Latin American Studies Presents - “From the Codex Saville to the Tira of don Martín: Reevaluating a Nahua Pictorial History”

Date: July 27
Time: 1:40 - 2:30 p.m.
Location: Zoom

This event will be recorded and available on our YouTube channel.

Written in phases by a series of tlahcuilohqueh (painters), this Nahua document recorded a chronology from 1402 to 1545, detailing migration, altepetl (polity) foundation, and successive rulers through the arrival of Europeans on horseback, the fall of Tenochtitlan in 1521, and the foundation of a local Christian church. Little studied since the 1920s when it entered the collections of the Museum of the American Indian/Heye Foundation, it has been known for a century as the Codex Saville, after the collector who acquired it. At the conquest’s quincentenary, a new touchstone analysis of this document integrates diagnostic imaging, scientific and ethnohistorical analyses, and provenance research with a renewed focus on the Nahuatl pictographic and alphabetic texts.
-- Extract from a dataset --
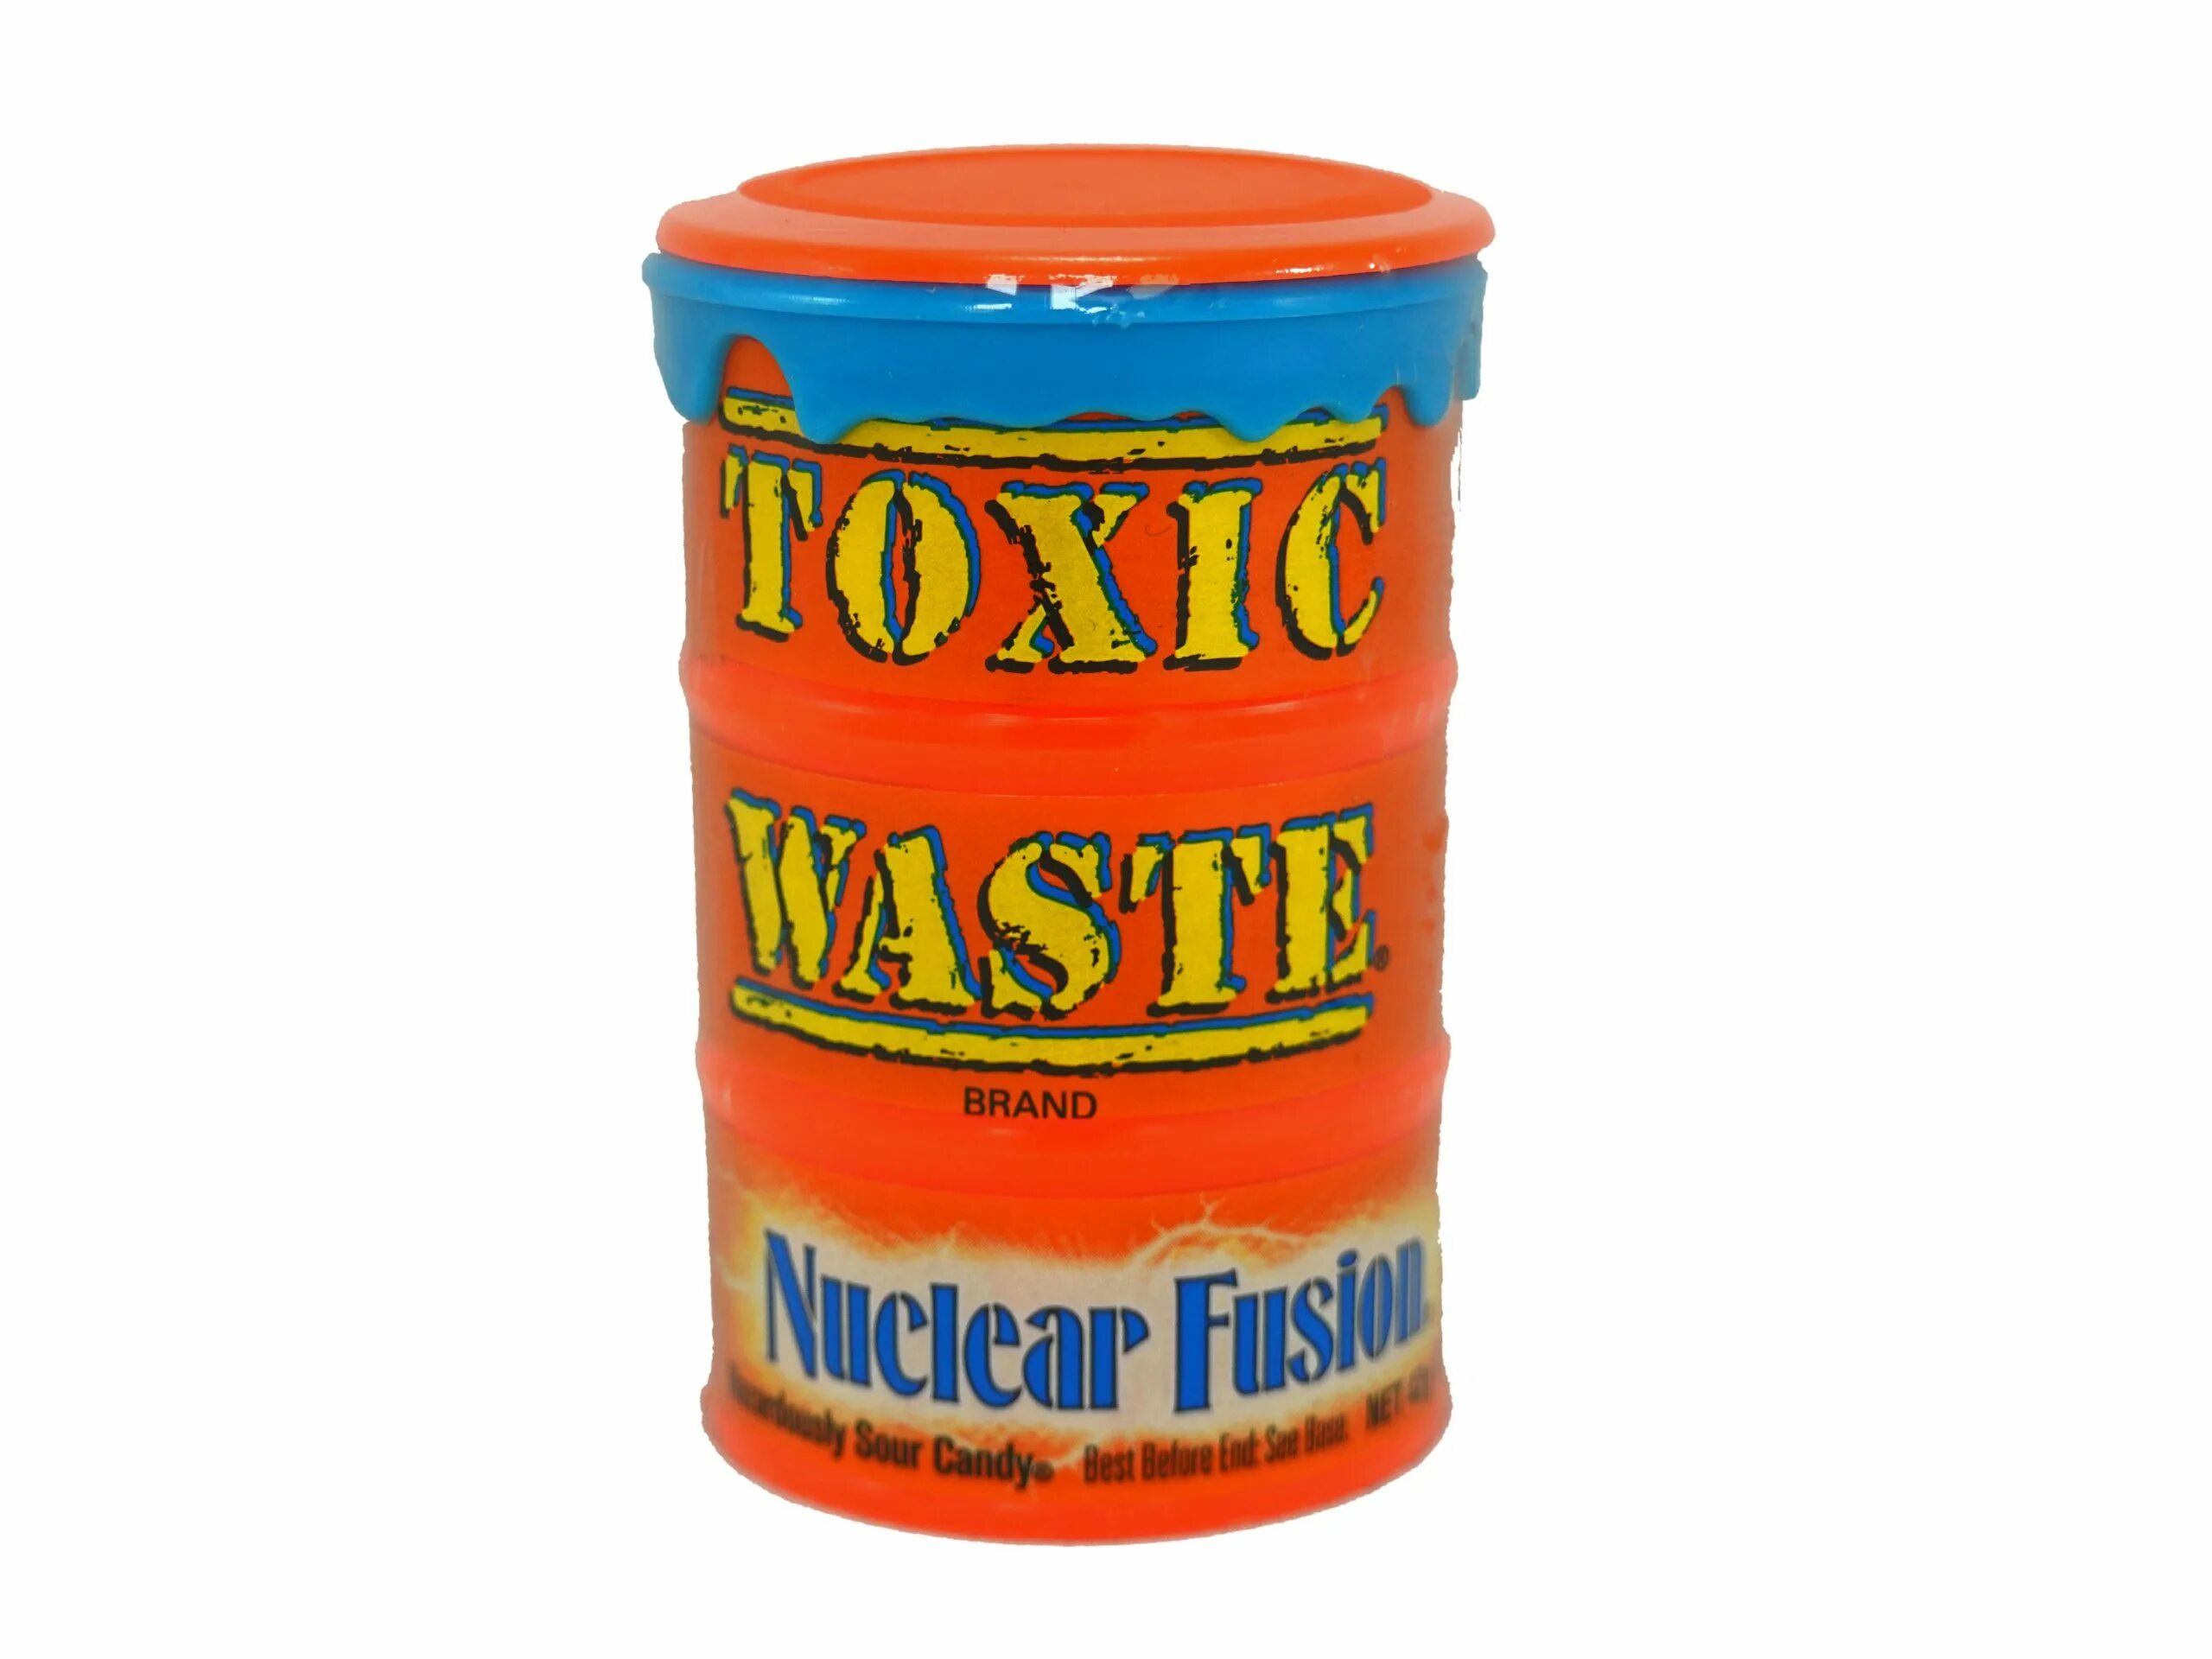 Toxic waste (Candy). Toxic waste nuclear Fusion. Конфеты Токсик Вейст. Токсик вейст
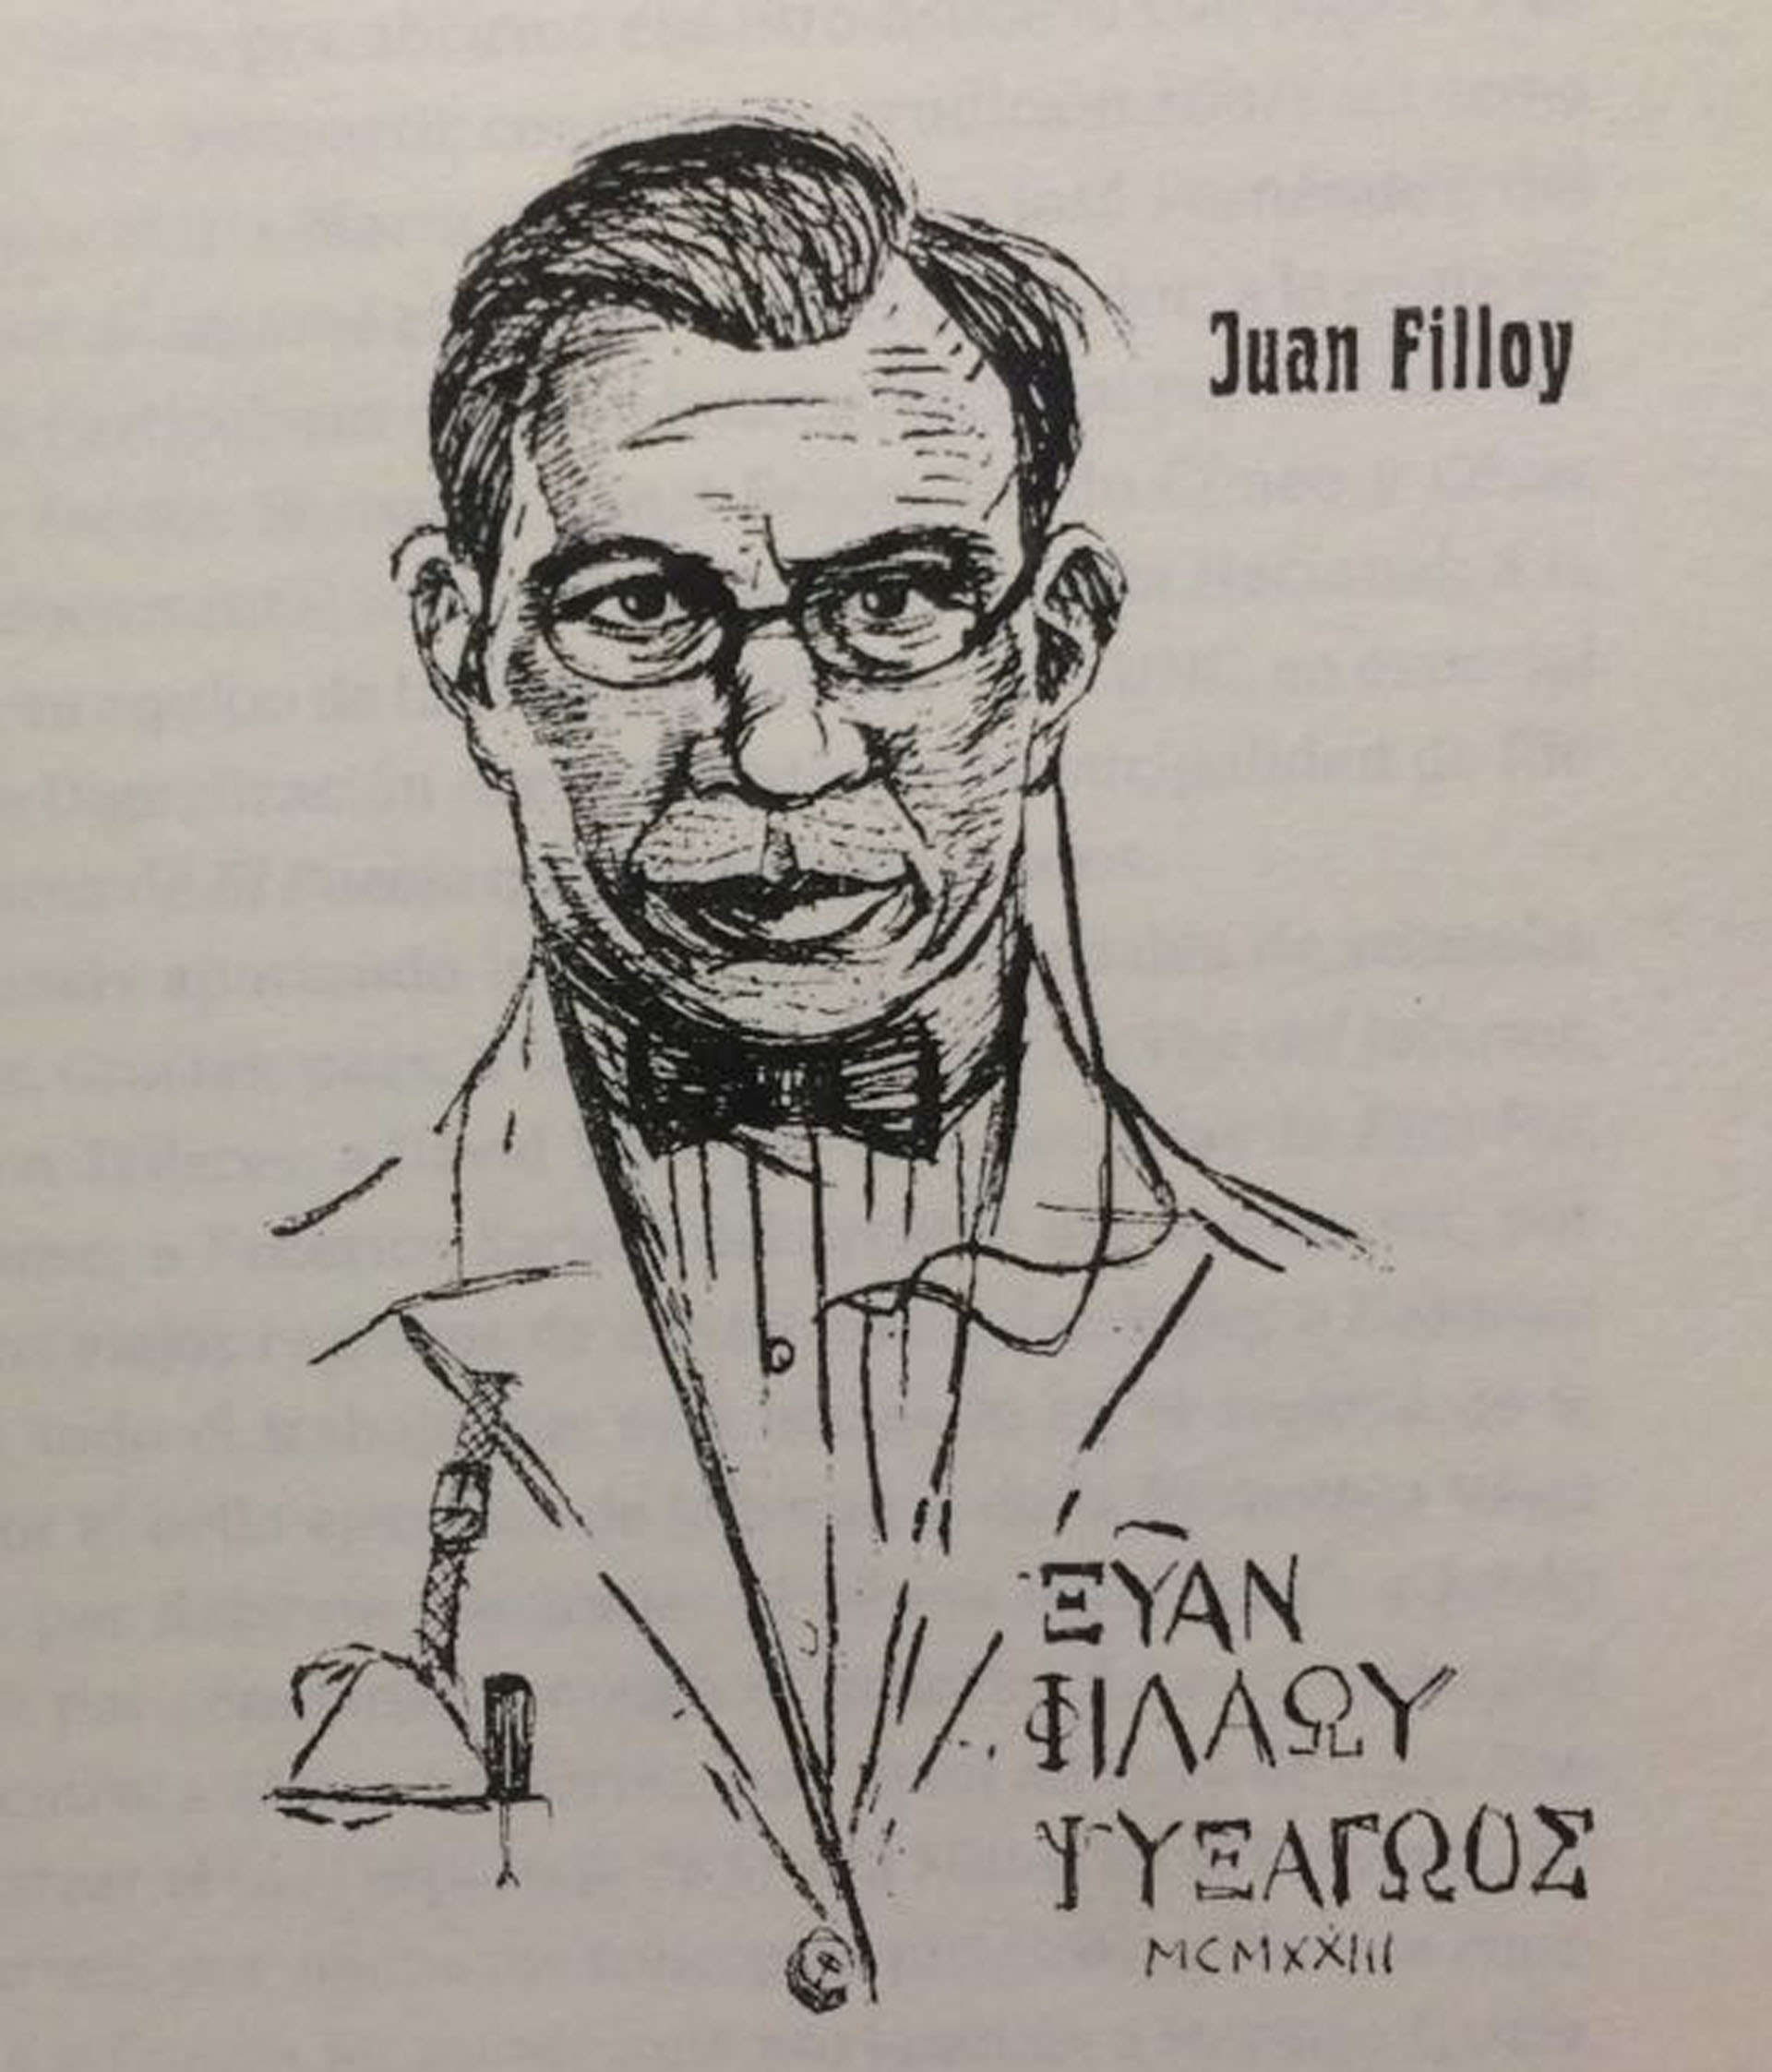 Autoretrato de Juan Filloy, año 1923 (incluido en el libro "Un atleta de las letras")

A transcription and English translation of the alphabetic text clarifies that this document also records the words of a man known as don Martín dictating the distribution of his wealth to his descendants. Rather than a rupture driven by the European invasion, this Tira of don Martín instead emphasizes specific, local continuity.

Presenter:

Alanna S. Radlo-Dzur is an art historian of Indigenous arts in the Americas, specializing in post-classic and early colonial Nahua communities of central Mexico. She is a research specialist at the Getty Research Institute and a doctoral candidate in the Department of the History of Art at Ohio State University.